General characteristics
- Class & type: Parchim-class corvette
- Displacement: 790 long tons (800 t) standard; 920 long tons (935 t) full load;
- Length: 72 m (236 ft 3 in)
- Beam: 9.40 m (30 ft 10 in)
- Draught: 4.60 m (15 ft 1 in)
- Installed power: 14,250 hp (10,630 kW)
- Propulsion: 3 shaft M504 diesel engines
- Speed: 24.7 knots (45.7 km/h)
- Range: 2,100 nmi (3,900 km) at 14 knots (26 km/h; 16 mph)
- Complement: 80
- Sensors & processing systems: Positive-E, Spin Trough; Bass Tilt Hull Mounted Medium Frequency Sonar;
- Armament: 1 × twin 57 mm gun AK-725; 1 × twin 30 mm gun AK-230; 2 × SA-N-5 MANPAD positions; 2 × RBU-6000 anti submarine depth charge rocket launchers; 4 × 400 mm torpedo tubes ; 12 × depth charges;

= Russian corvette Kazanets =

Parchim-class corvette of the Russian Navy

Kazanets (former MPK-205) is a in the Soviet Navy and later Russian Navy.

== Specifications ==

Developed in the German Democratic Republic (GDR) by specialists from the Zelenodolsk shipyard, Captain 2nd Rank O.K. Korobkov was appointed the main observer from the Navy on the project. For the GDR Navy, 16 ships were built (in Germany, Project 133.1, Parchim), the head MPK entered service in 1981. In 1992, all ships of the Project 133.1 were sold to Indonesia. For the USSR Navy, they were built according to the 1331M Project, after the collapse of the USSR, all ships were transferred to the Russian Navy. The modernized version was distinguished by updated artillery, hydroacoustic and radio-technical weapons.
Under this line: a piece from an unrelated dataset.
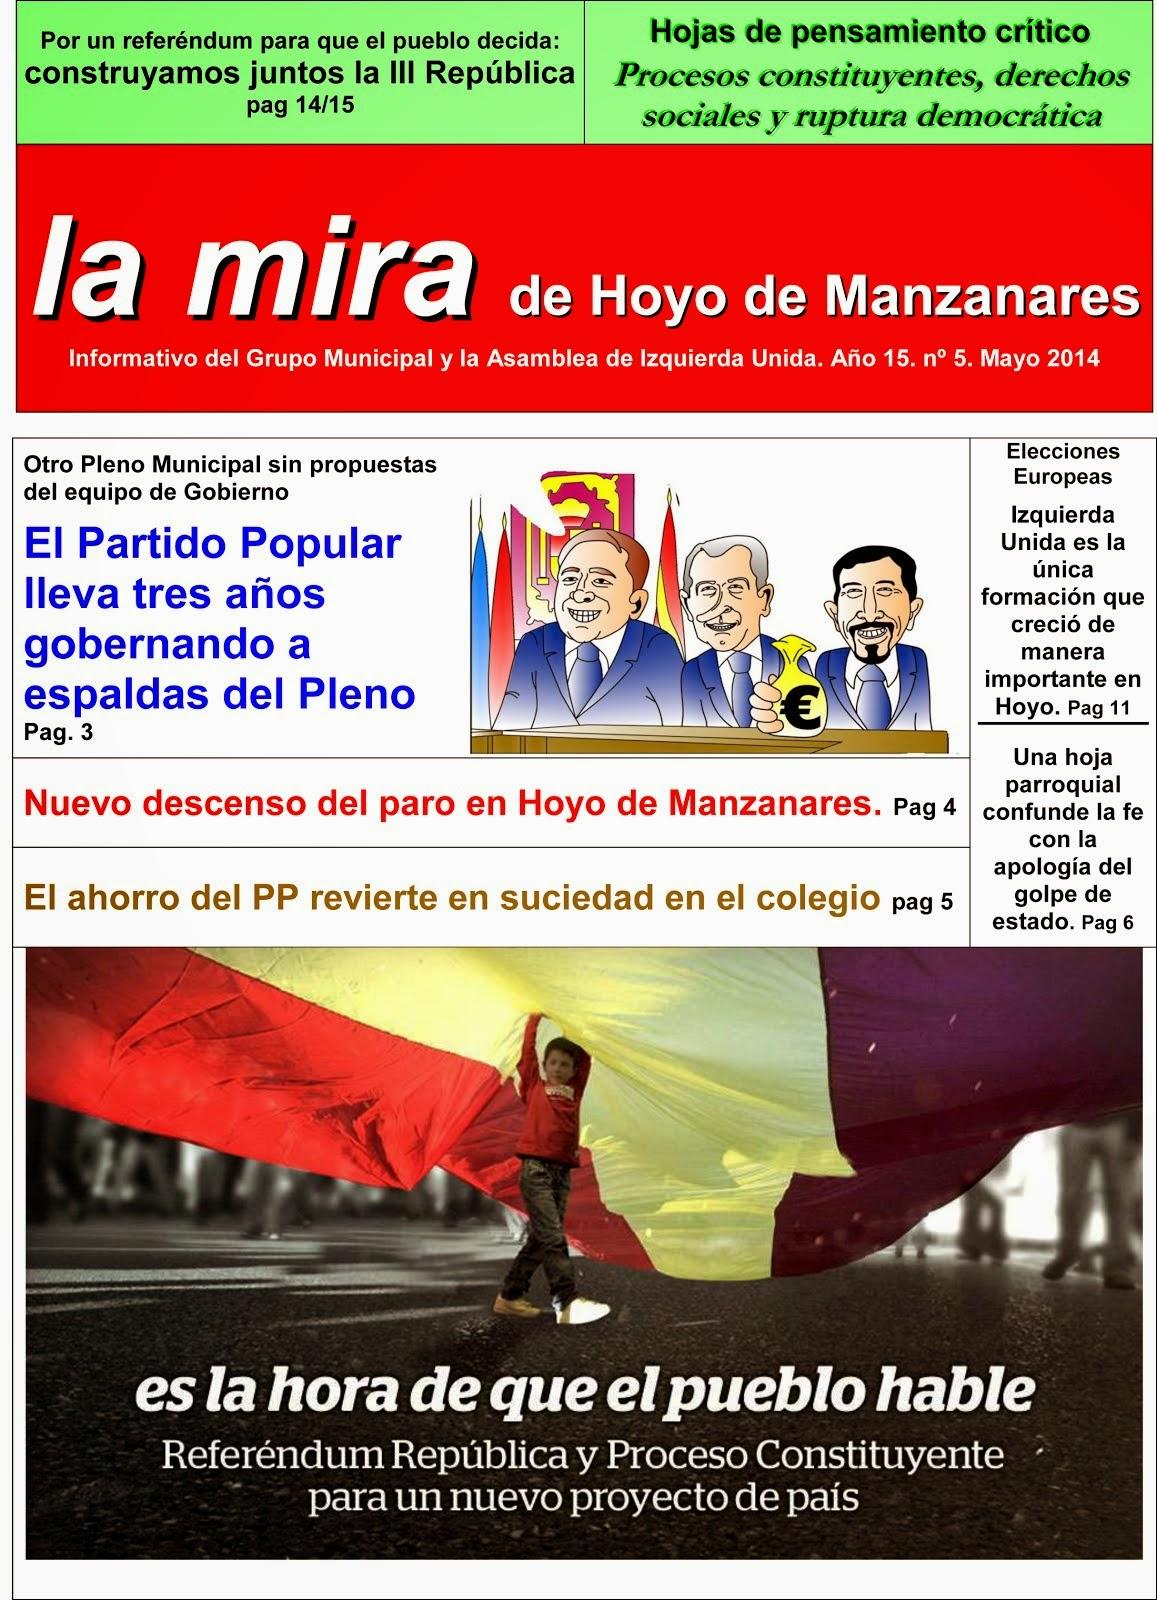 La mira de Hoyo de Hoyo de Manzanares. Mayo 2014

Project 133.1 was developed on the basis of the IPC Project 1124 Albatross in the GDR with the help of specialists from the Zelenodolsk shipyard for the Navy of the National People's Army of the GDR and the Warsaw Pact countries, as well as for export sales.

Project 1331M was designed in the German Democratic Republic with the technical assistance of the Zelenodolsk Design Bureau for the USSR Navy, this project is a development of Project 133.1 and differs from it in the composition of weapons and navigation equipment.

== Construction and career ==
MPK-205 was laid down on 4 January 1985 at Peene-Werft, Wolgast. Launched on 28 December 1985 and commissioned on 28 April 1986 into the Baltic Fleet.

In 1998, he received the name Kazanets in connection with the establishment of patronage over the ship by the Republic of Tatarstan.

At the end of June 2016, he took part in an exercise in the Gulf of Finland.

In July 2017, the ship was attracted to participate in the Main Naval Parade in Kronstadt on the occasion of the Navy Day.

In 2018, the ship was attracted to participate in the Main Naval Parade on the occasion of the Day of the Navy.

On 28 July 2019, the ship took part in the Main Naval Parade to mark the Day of the Russian Navy.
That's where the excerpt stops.